Development of a wearable ultrasonic sensor and method for continuous monitoring of mechanical properties of plantar soft tissue for diabetic patients
Bibliographic record
Abstract
One of the long-term complications of diabetes is peripheral neuropathy, where insensitive nerves can lead to serious foot ulceration. Studies have shown that the mechanical properties of plantar soft tissues change with diabetes.
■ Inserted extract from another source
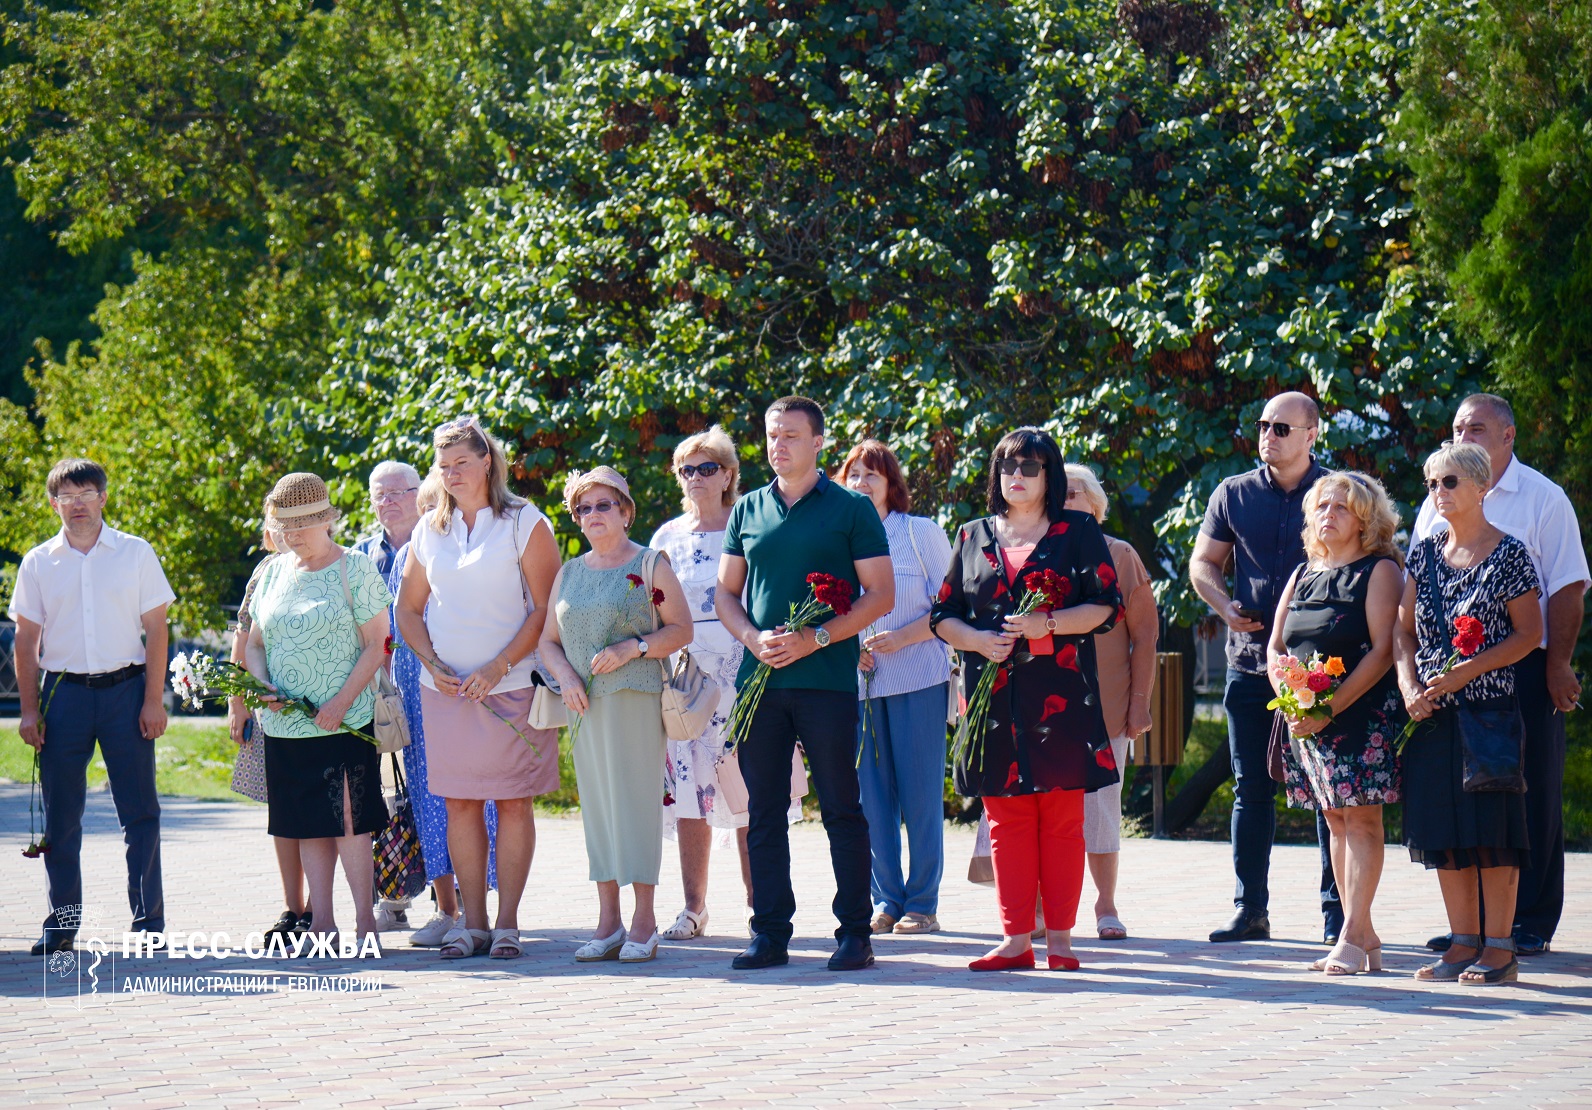 18 августа – День памяти жертв депортации немцев из Крыма
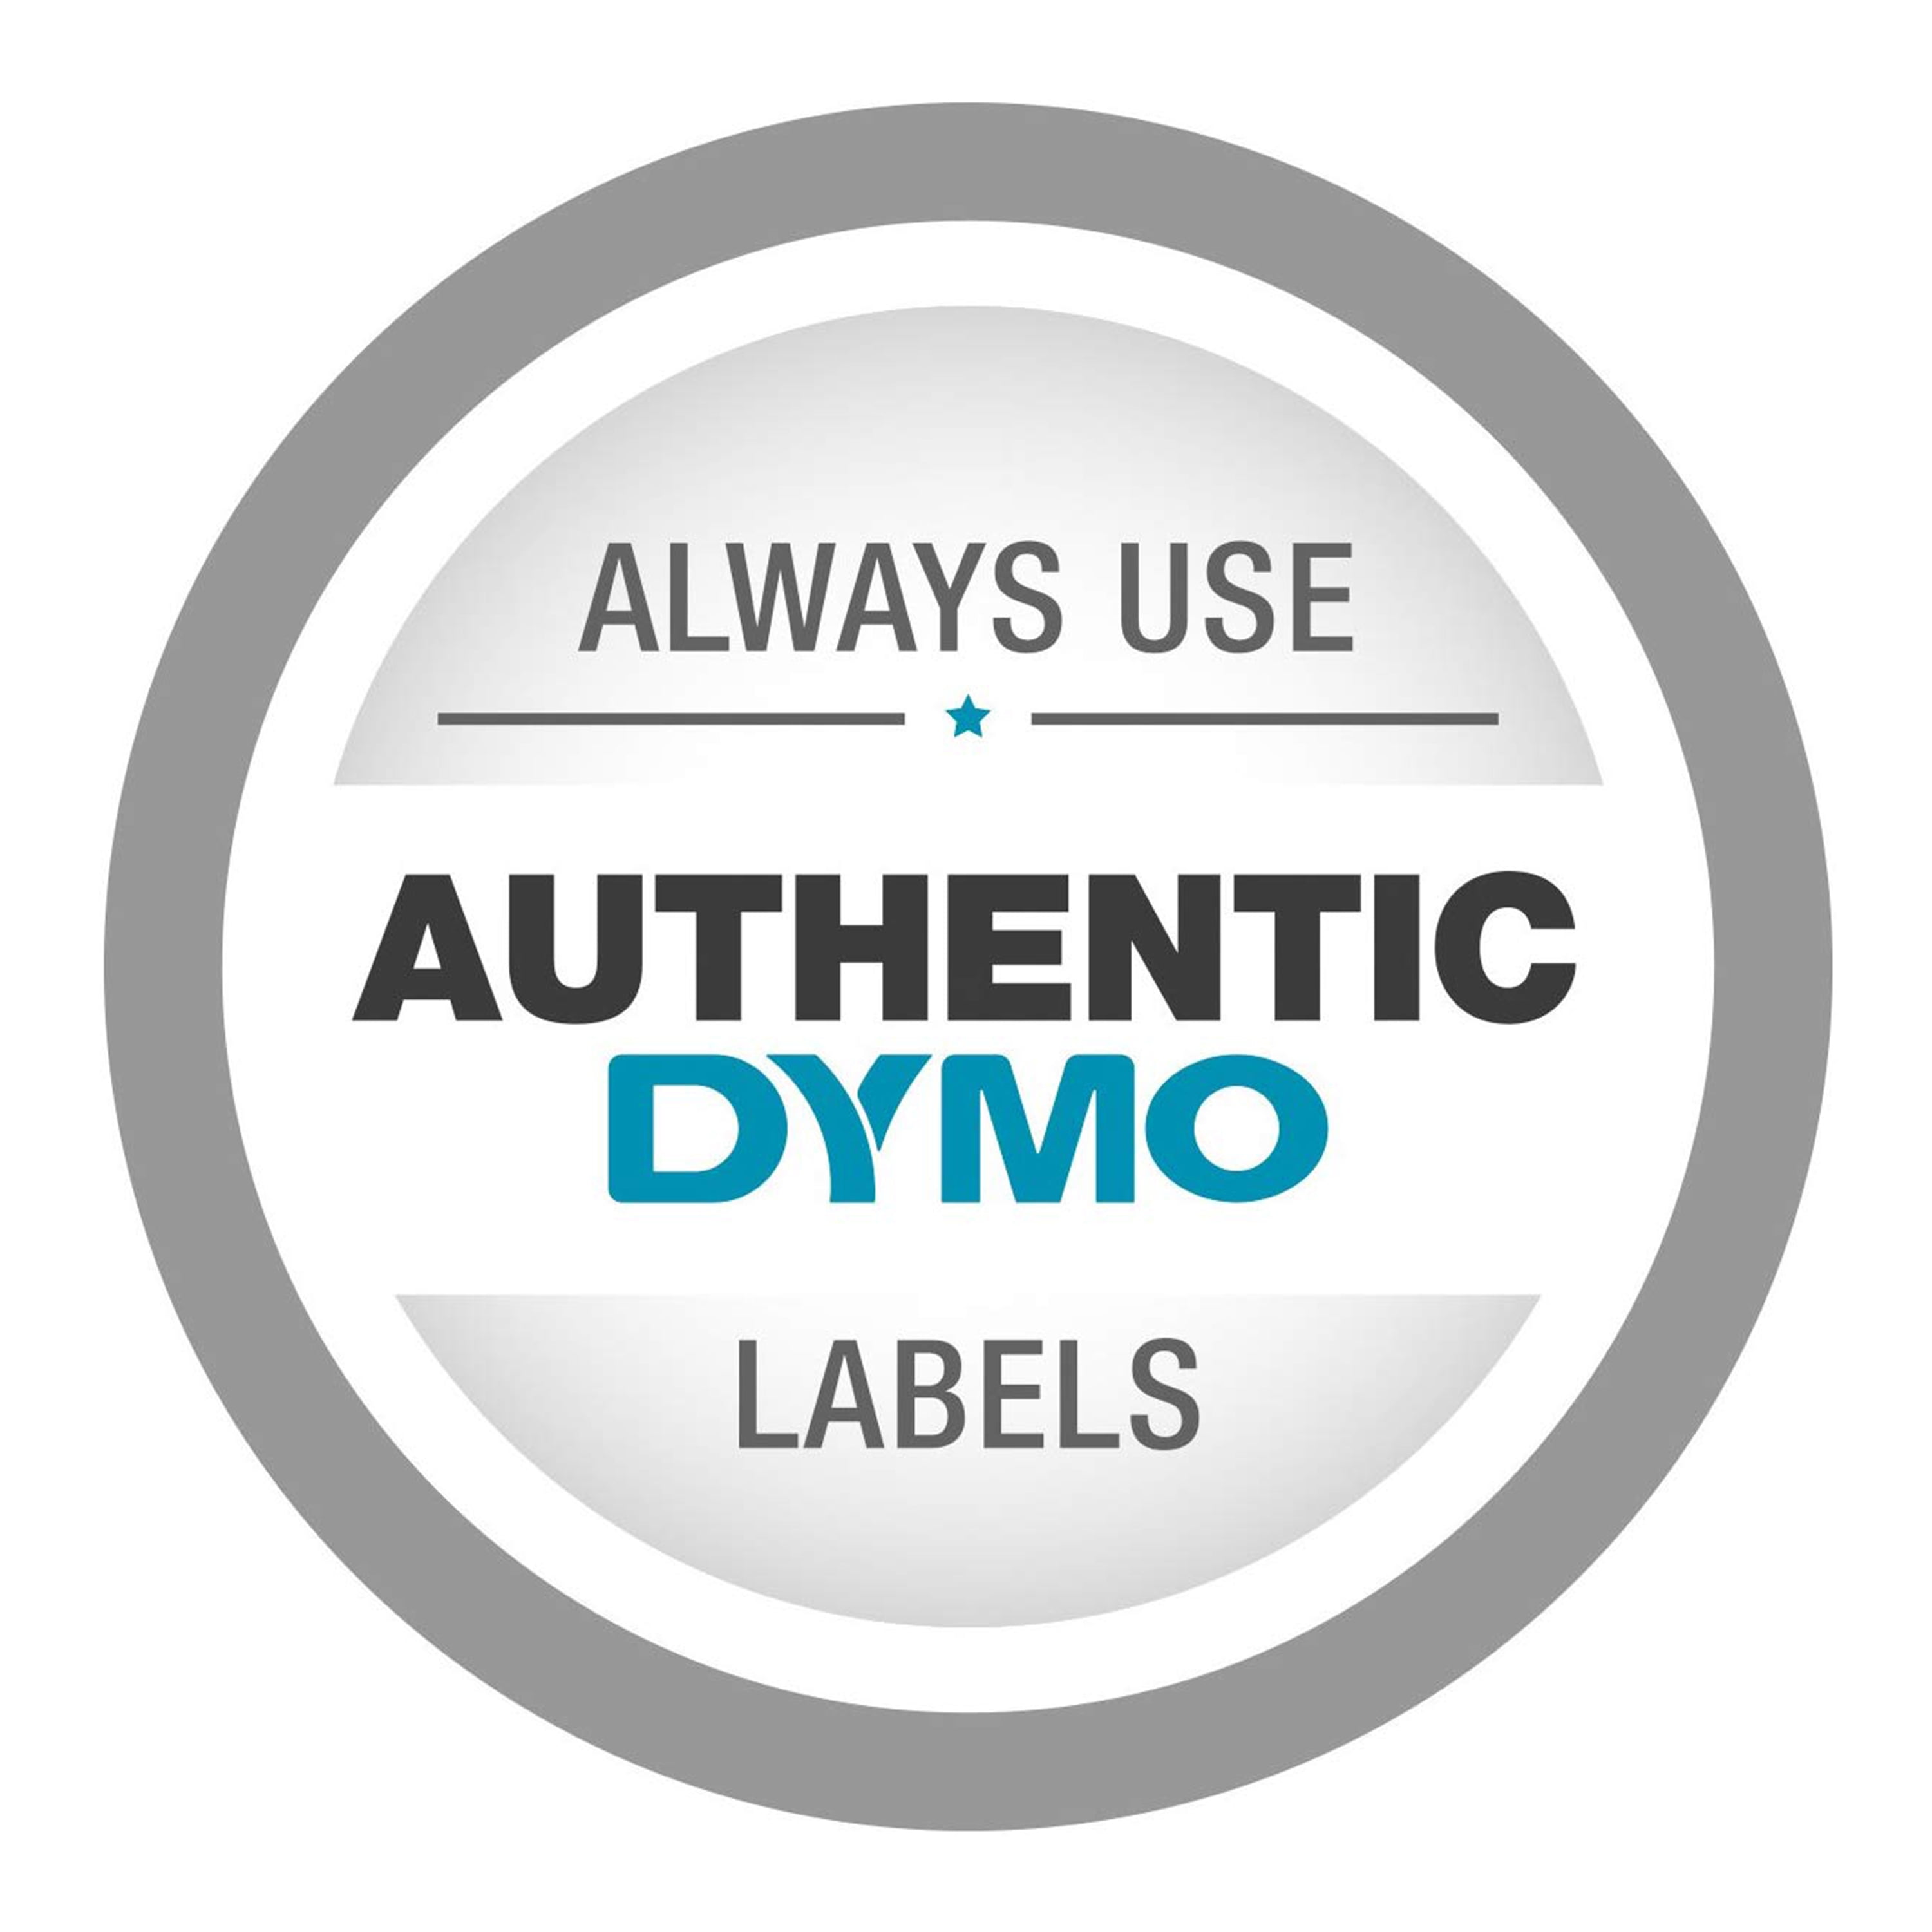 1 ⅛ x 3 ½ - Dymo Address Label

Ultrasound methods could be used to measure plantar tissue thickness and mechanical properties, as a quantitative assessment tool. Diabetic shoes or orthoses are often custom-designed for each person to prevent foot injury during daily activities. This study developed an ultrasonic method and sensors that can be use between the foot and a custom insole to continuously monitor the mechanical properties of plantar soft tissue during physical activities. In the proposed sensor design, the protection layer on the sensing side (bottom electrode) was eliminated and the top side was electrically shielded to reduce environmental noises. A developed wearable ultrasonic sensor was used in a preliminary experiment to measure plantar tissue thickness. Plantar heel tissue thickness was successfully measured, decreasing from 16.2 mm to 10.1 mm with pressure changes from 0 to 190 kPa. Stress-strain pressure application and release curves and the heel tissue hysteresis parameter were also successfully calculated.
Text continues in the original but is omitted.